Solved (Workaround) FreeBSD 10.1, sudden network down

belon_cfy

Well-Known Member

Thanks: 7
Messages: 260

#1
Hi,

I have a server with FreeBSD 10.1 installed and running ZFS and NFS, until now it was suddenly down twice within 10 days during high traffic, every server is not pingable until I rebooted the server.

First bootup without any network tuning , second bootup with the following parameters for network tuning
Code:
# Network tuning
kern.ipc.somaxconn=4096
kern.ipc.maxsockbuf=16777216
net.inet.tcp.delayed_ack=0
net.inet.tcp.path_mtu_discovery=0
net.inet.tcp.recvbuf_max=16777216
net.inet.tcp.sendspace=65536
net.inet.udp.maxdgram=57344
net.local.stream.recvspace=65536
net.inet.tcp.sendbuf_max=16777216
The server is running Intel(R) PRO/1000 Network Connection 7.4.2 and detected as emX instead of igb.

Previously it was FreeBSD 9.1 with more than 365 days uptime without any issue with the same physical cable and connect to the same switch port.

Any idea or might it be the driver issue?
 
OP
OP
B

belon_cfy

Well-Known Member

Thanks: 7
Messages: 260

#2
The FreeBSD 10.1 server network does not respond again during high throughput, third time within ten days.
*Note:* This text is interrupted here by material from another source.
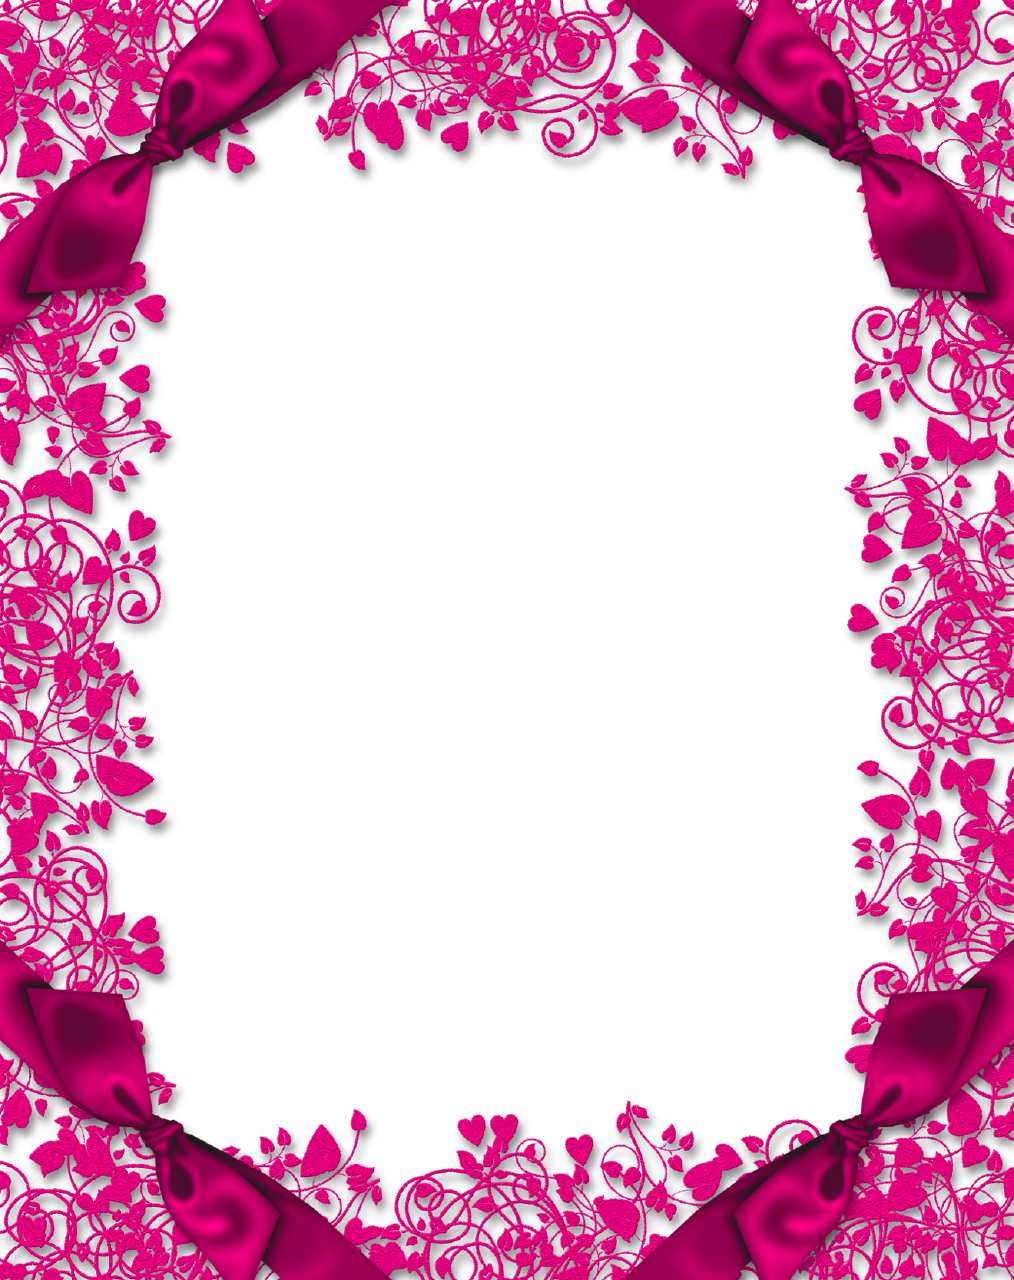 Pink Floral Border PNG High-Quality Image

Definitely something wrong with this version of FreeBSD. No error message has been found in dmesg and /var/log/messages.
 

gkbsd

Member

Thanks: 36
Messages: 75

#5
Is there any downside not using the Intel driver and letting FreeBSD handle the network card? If it's doable, it would help running with the default FreeBSD driver, temporarily, and see if the problem still occurs. If the problem does not appear anymore then, you will be sure your problem is driver related.

Guillaume
 

wblock@

Administrator
Staff member
Administrator
Moderator
Developer

Thanks: 3,616
Messages: 13,850

#6
It is not clear what you mean by that. The Intel drivers in FreeBSD are provided by Intel. Did you download and compile a driver from somewhere else?
 
OP
OP
B

belon_cfy

Well-Known Member

Thanks: 7
Messages: 260

#7
I'm using the default driver along with FreeBSD 10.1, no additional compilation or driver installation has been done.
 
OP
OP
B

belon_cfy

Well-Known Member

Thanks: 7
Messages: 260

#9
I'm using the Supermicro Xeon E1230-V2 with intel nic integrated which is detected as em(4). The problem is when running FreeBSD 10.1 with some workload it will down (until now is 3 times within 10 days). Before that the same machine is running FreeBSD 9.1 with nearly 365 days without any issue.
 

nforced

Member

Thanks: 8
Messages: 87

#11
I have to say I have the same problem with my Intel® PRO/1000 PT Dual Port Server Adapter - http://www.intel.com/content/www/us/en/network-adapters/gigabit-network-adapters/pro-1000-pt-dp.html
Just started after upgrade from 10.0 to 10.1. Network down and "dest host unreachable" etc. errors to host right after NFSv4 load starts, everything goes back to normal after about 30-60 seconds without any human intervention.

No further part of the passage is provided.